令和 5 年 11 月 12 日 沖縄タイムス 経済面掲載


 ◆ 企業名 A氏
 ◆ 業 種 宿泊業
 ◆ 所在地 宮古島市
 ◆ 資本金 非公表
 ◆ 創 業 非公表
 ◆ 従業員 1人

【相談】
 現在、県外で事業を展開しており、沖縄の市場調査を行うためのデータが不足しているため、銀行からの融資が難しい状況。そのため、沖縄県内の金融機関から融資を受けるためのアドバイスがほしい。

【回答】
 2023年7月1日時点での沖縄県の地価調査によれば、宮古島市は商業地の平均上昇率が前年比で12.6%、住宅地は同17.7%上昇し、どちらも県内の市町村でトップ。この上昇はコロナ禍からの回復と観光需要の活性化に支えられ、外国資本も市場に進出し観光需要に大きな影響を与えている。
 宮古サテライトでは、移住者による新規ビジネスの相談が増加傾向にあり、Aさんも観光業を営むため宮古島の金融機関から融資を受けたいという相談だった。Aさんは県外でビジネスを展開し経営の知識は持っているが宿泊業の事業は初めての試みだった。

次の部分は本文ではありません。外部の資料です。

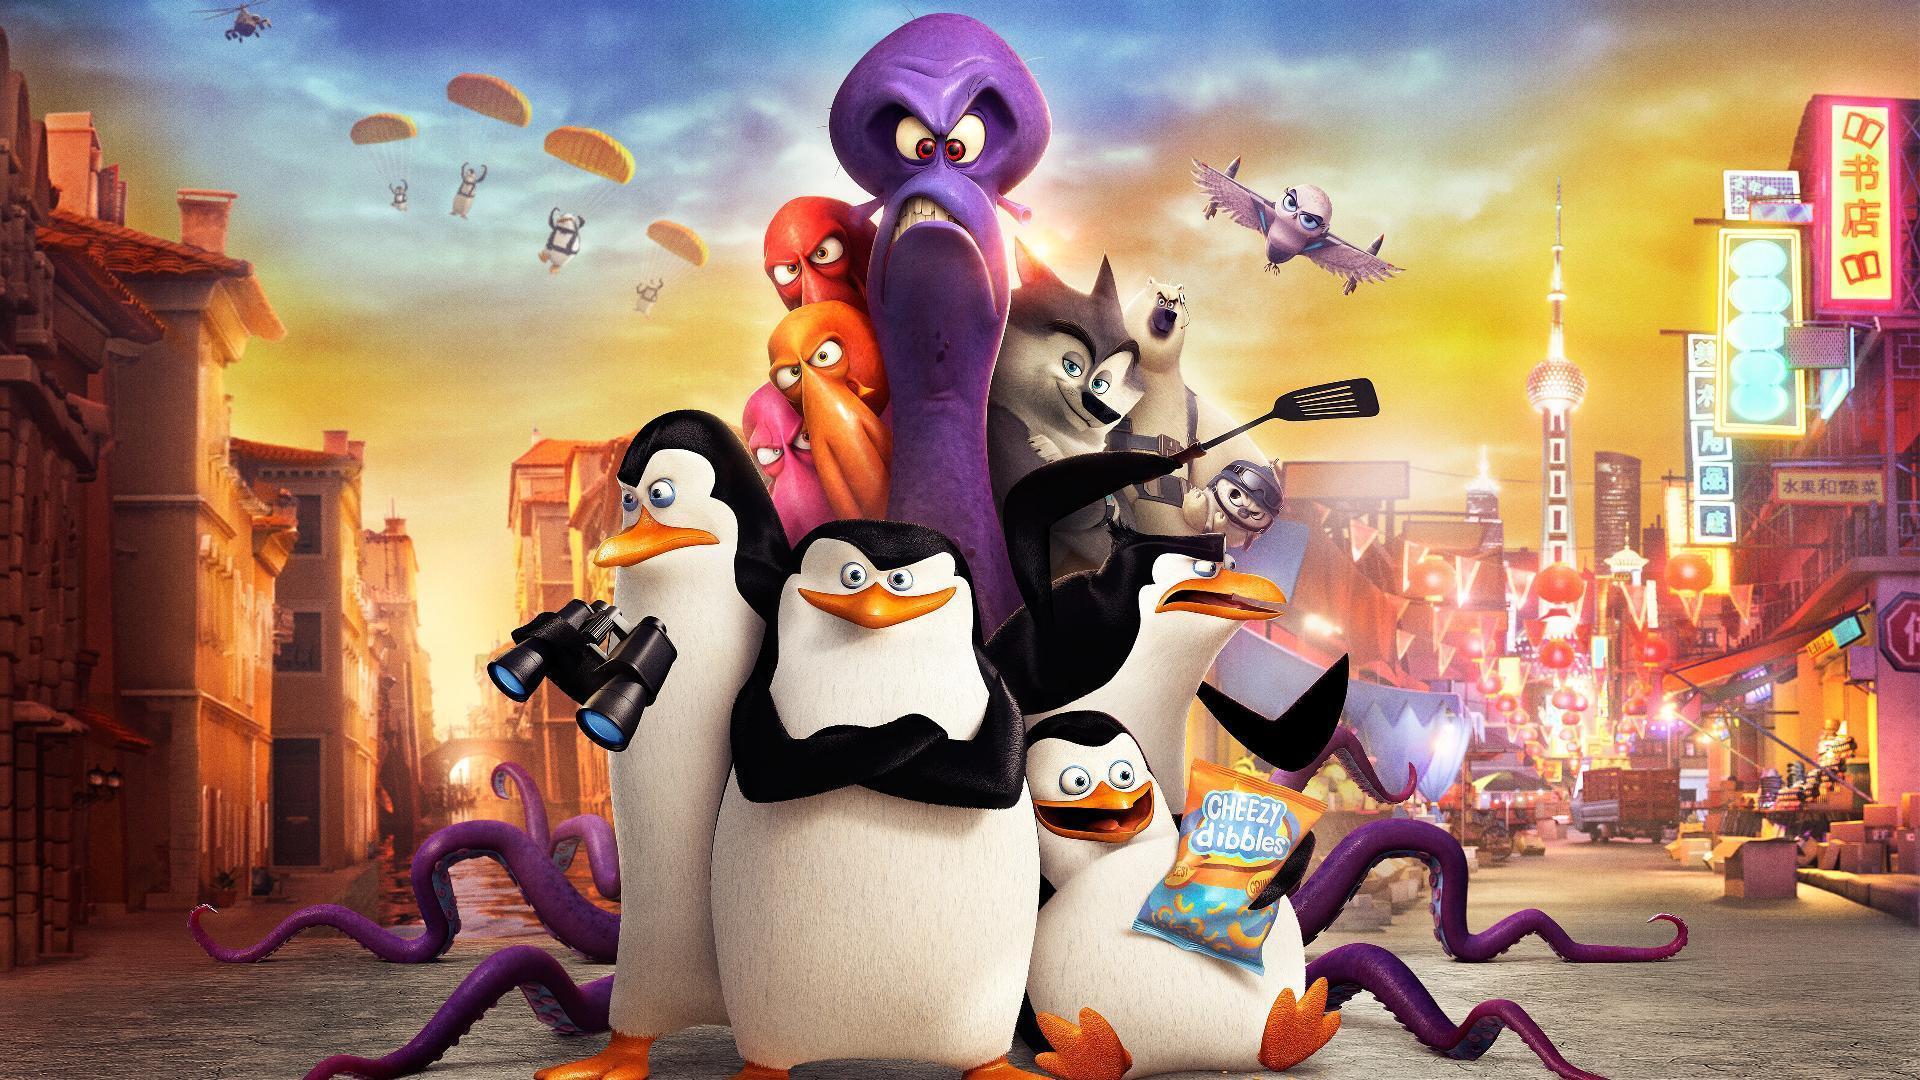 Пингвины Мадагаскара смотреть фото

 Aさんからは、移住して新規ビジネスを始める情熱と覚悟が感じられた。高齢者やファミリーのニーズに対応できる宿泊施設を想定し、国内外のラグジュアリーな施設の宿泊経験からヴィラタイプに設定。予定の土地はビーチから徒歩5分圏内に位置しており、単なる理論ではなく、相談者のビジョンや施設の内外装、ターゲット客層を具体的に考慮しながら、稼働率や宿泊料金などの要素を設定し事業計画書をまとめた。融資を検討する先としては、既に既存の事業でも融資実績のある沖縄振興開発金融公庫を提案。事業計画書の精度向上のために、オンラインやメールを通じて何度も情報のやりとりを行った。

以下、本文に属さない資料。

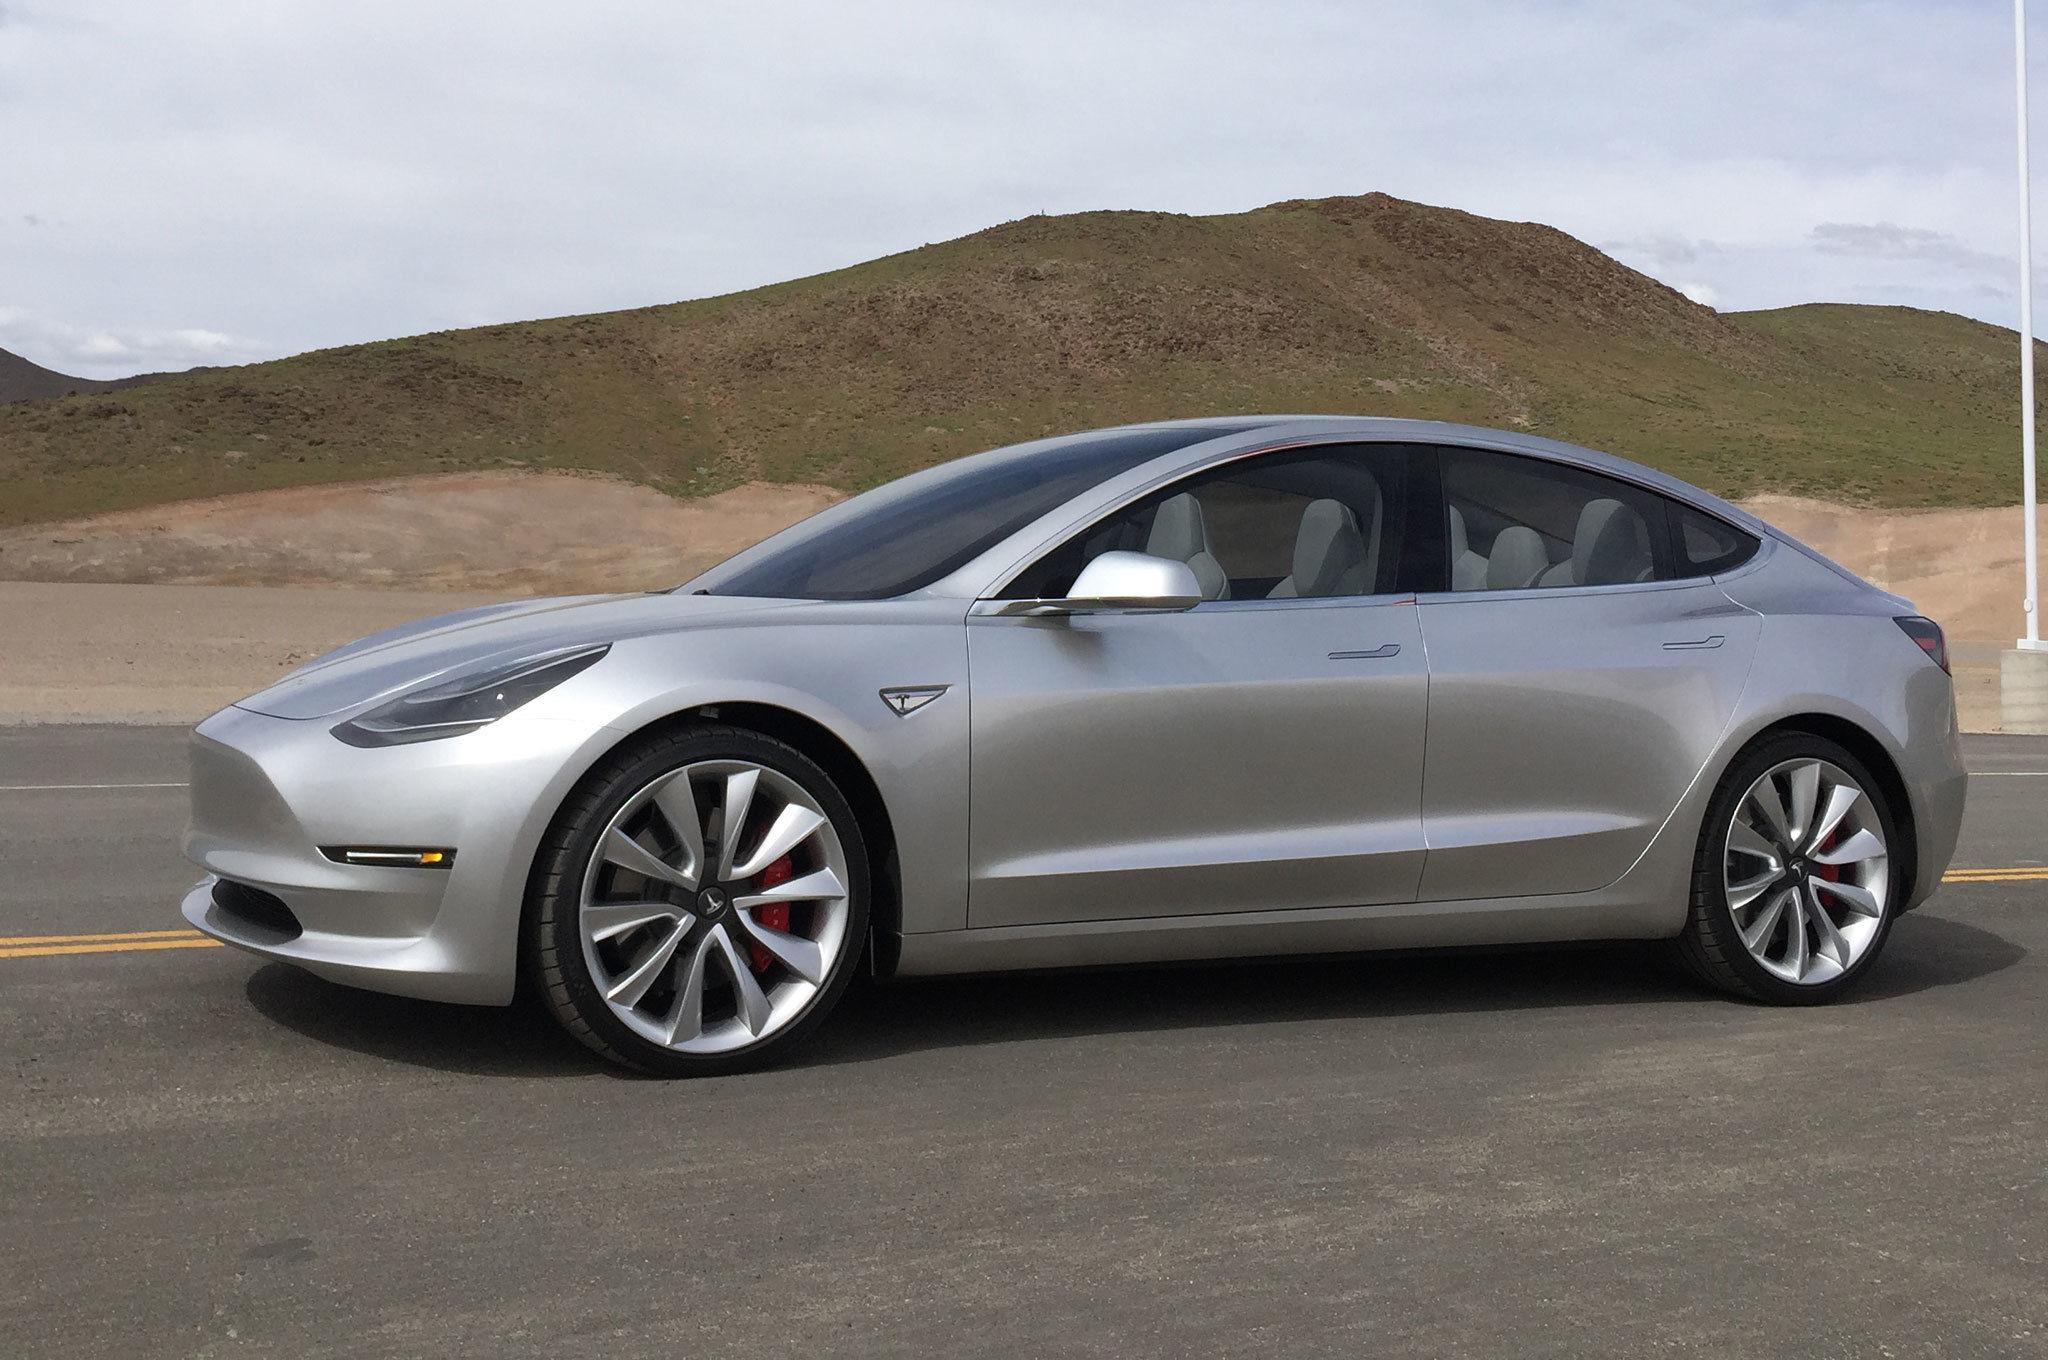 Tesla-Model-3-side-view.jpg

 Aさんは集客に関するSNS活用のノウハウを持っており、複数のOTA(オンライントラベルエージェント)の選定もできており、集客の強みとなる部分である。それらを加えた計画書を作成し提出した後に限度額が伝えられ、県内のヴィラ施設との差別化と景観の問題が指摘され計画書の再調整が必要となった。

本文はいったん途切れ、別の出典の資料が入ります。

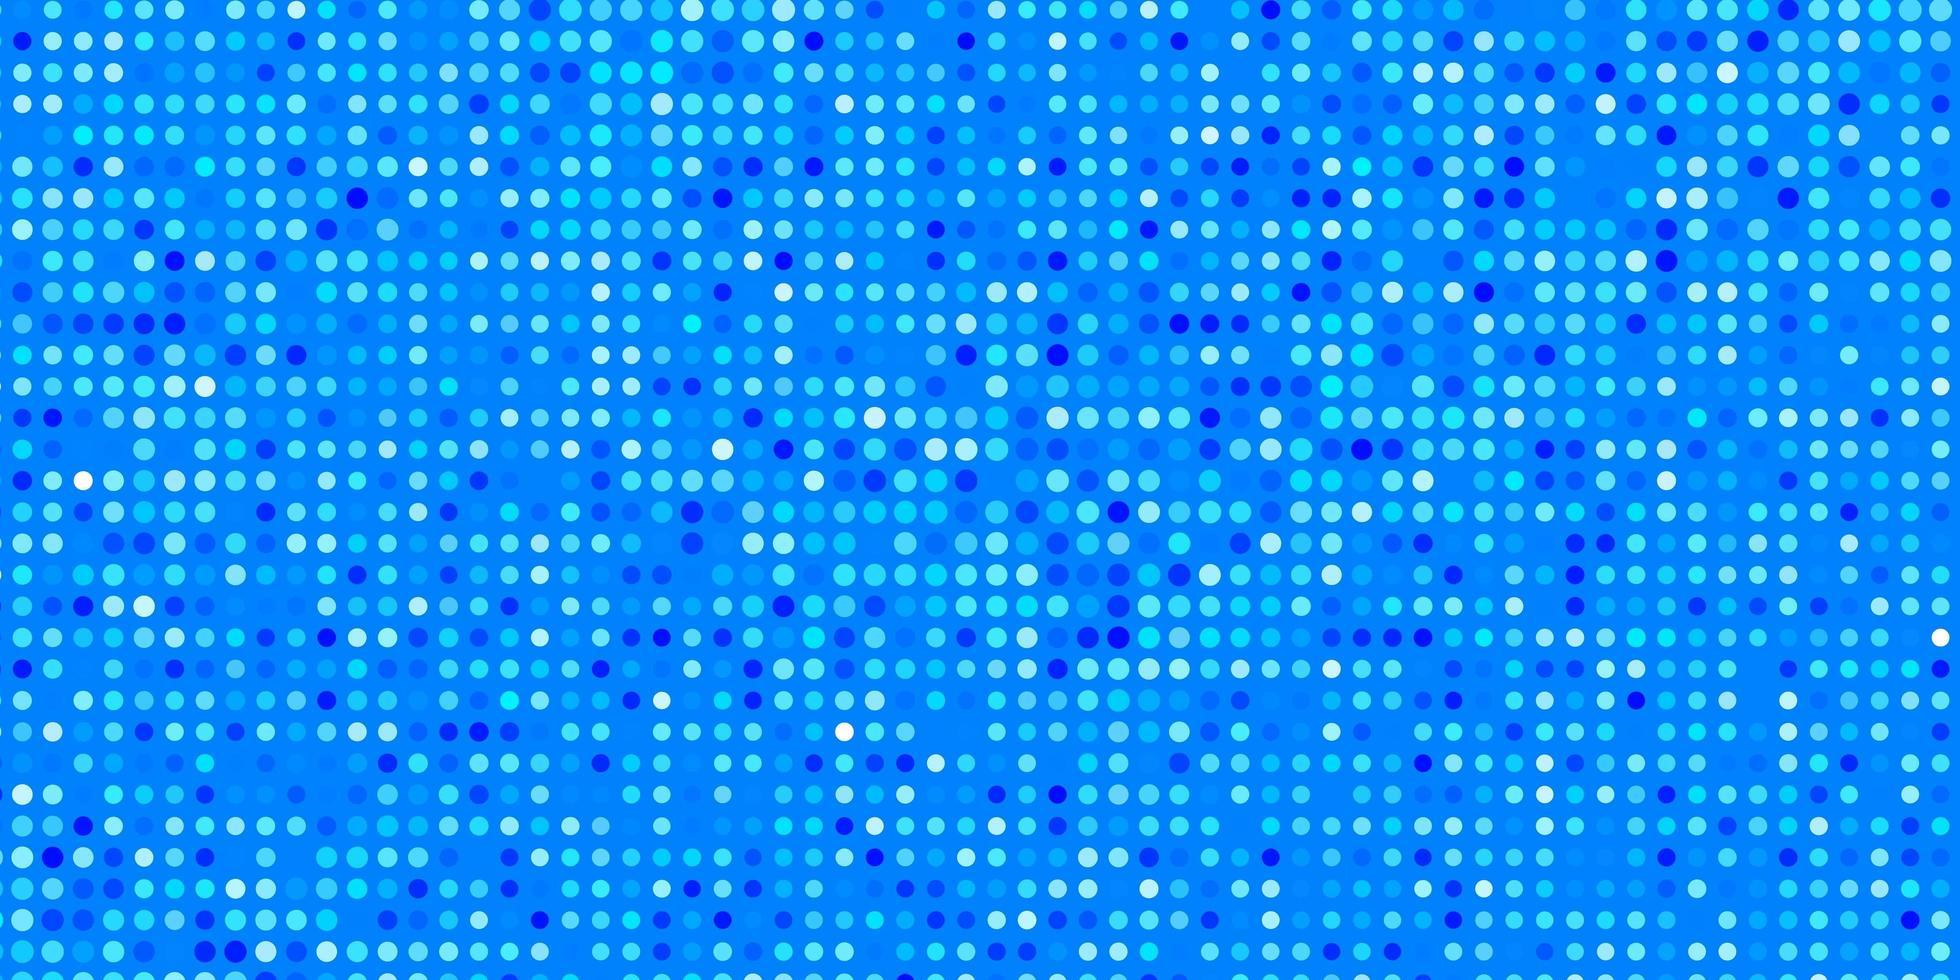 struttura di vettore blu chiaro con cerchi

 数週間後、Aさんから景観に課題があった場所から、海に近い別の土地を選び施設のタイプをゲストハウスに変更する決断をされた旨の連絡があった。これにより利益が改善し、金融機関との融資交渉が進捗(しんちょく)した。今後も宮古島に移住するAさんと共に残された課題を解決し、経営の継続を追求していく。